Cette prise de conscience étatique s'accompagne d'actions de sensibilisation menées par les organisations professionnelles auprès des entreprises de toutes tailles. Par exemple:

• le Medef a réalisé un ensemble de documents sur la sécurité informatique destinés aux PME, 
• les chambres de commerce et d'industrie travaillent actuellement sur l'intelligence économique: formations de correspondants "intelligence économique", sensibilisation des entreprises, structuration de réseaux,... (exemple d'un site d'auto-diagnostic pour entreprises de la CRCI Lorraine).

Un type de convoitise indirecte engendre depuis quelques années une nouvelle forme de criminalité: le cyber-racket. Conscients de l'importance pour les entreprises de l'accès aux informations numériques certaines organisations criminelles les menacent d'attaques informatiques. Les "Panorama de la Cybercriminalité" successifs du CLUSIF donnent une idée de l'évolution des méthodes employées.

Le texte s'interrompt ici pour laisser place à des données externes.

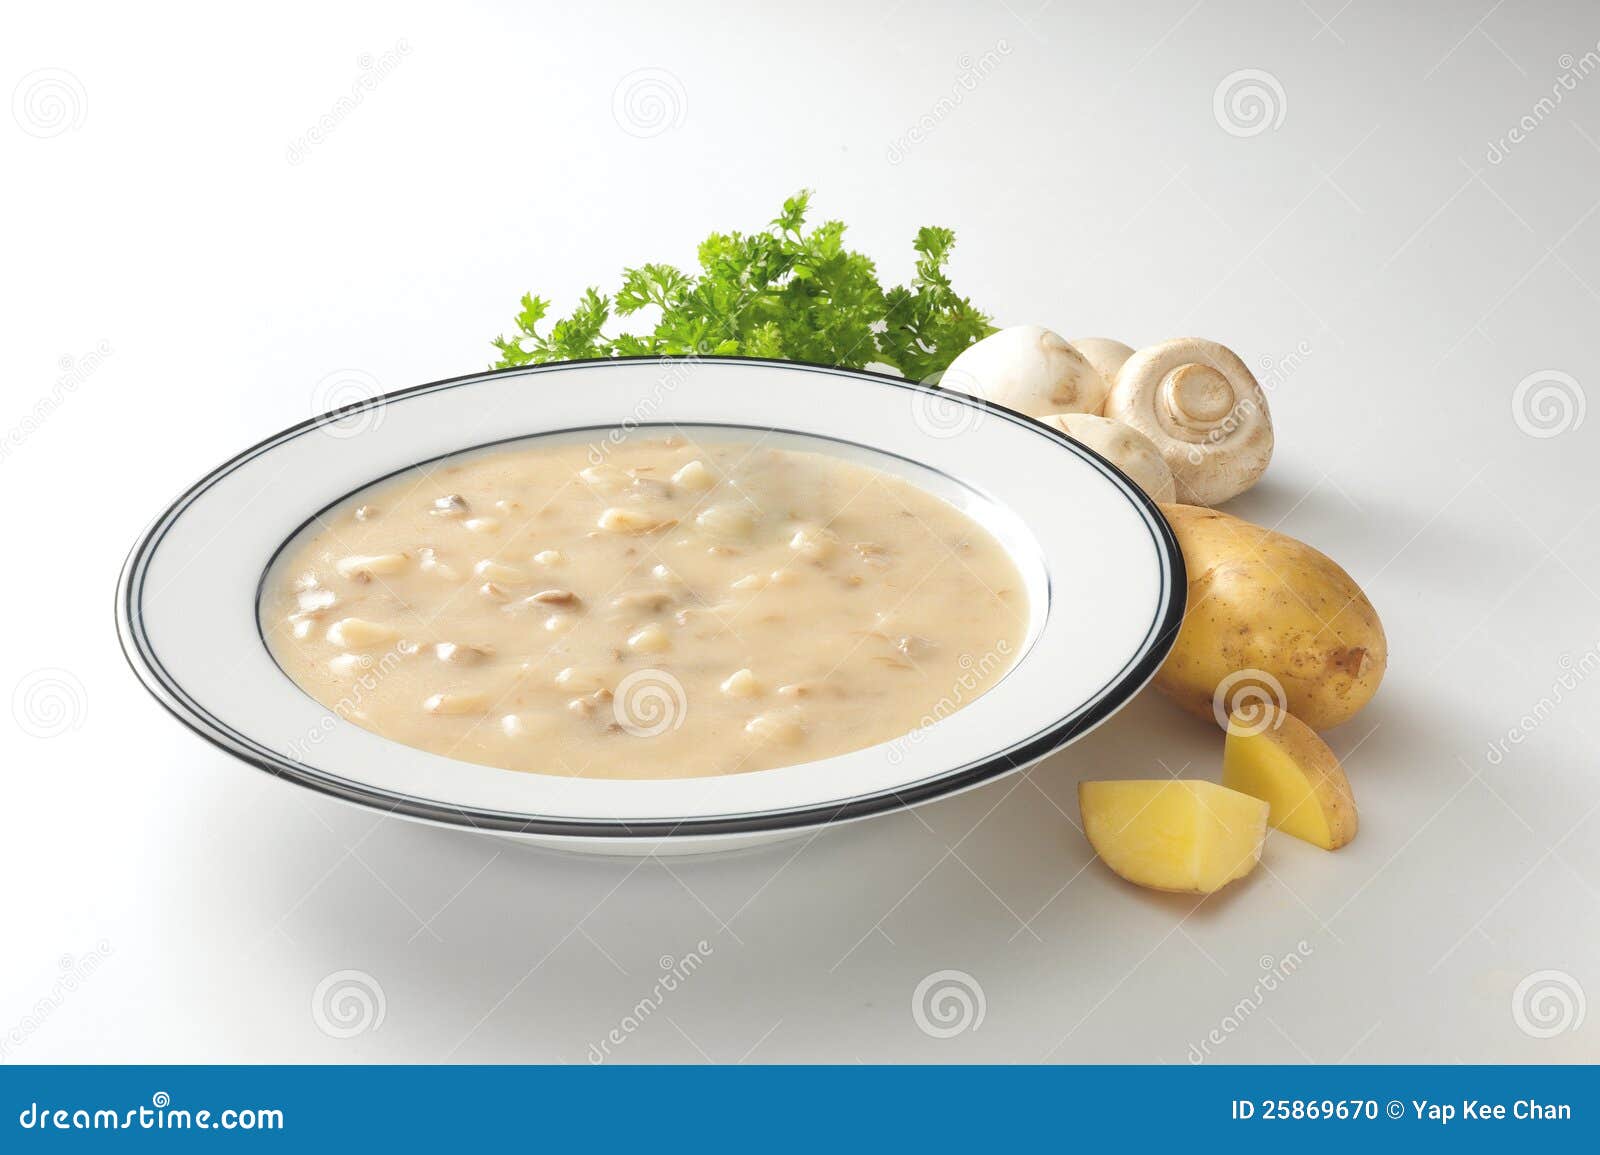 creamy potato mushroom soup

Finalement, un autre élément important du patrimoine de l'entreprise peut être mis à mal: son image.  Quelques cas de figure:

• Un "sport" pratiqué sur Internet par certains groupes de pirates est le défaçage de sites Internet. Il s'agit de remplacer la page d'accueil du site par une page à l'emblème du groupe. Bien que l'impact financier ne soit pas forcément important, une action de ce type atteint la crédibilité de l'entreprise. On trouve sur le site de la revue en ligne Zataz une liste de sites "défacés".
• Une intrusion sur un site marchand peut entraîner la divulgation d'information nominatives ou des numéros de cartes de crédits (nombreuses affaires de ce type). Ceci peut conduire à une perte de confiance dans un partenaire commercial, sans compter les préjudices éventuels pour les clients.
• Le phishing, attaque particulièrement à la mode ces dernières années, vise à obtenir des particuliers des informations confidentielles (numéro de compte client...) en les dirigeants vers des sites Internet contrefaits. A nouveau, l'image des entreprises concernées ne peut qu'en pâtir.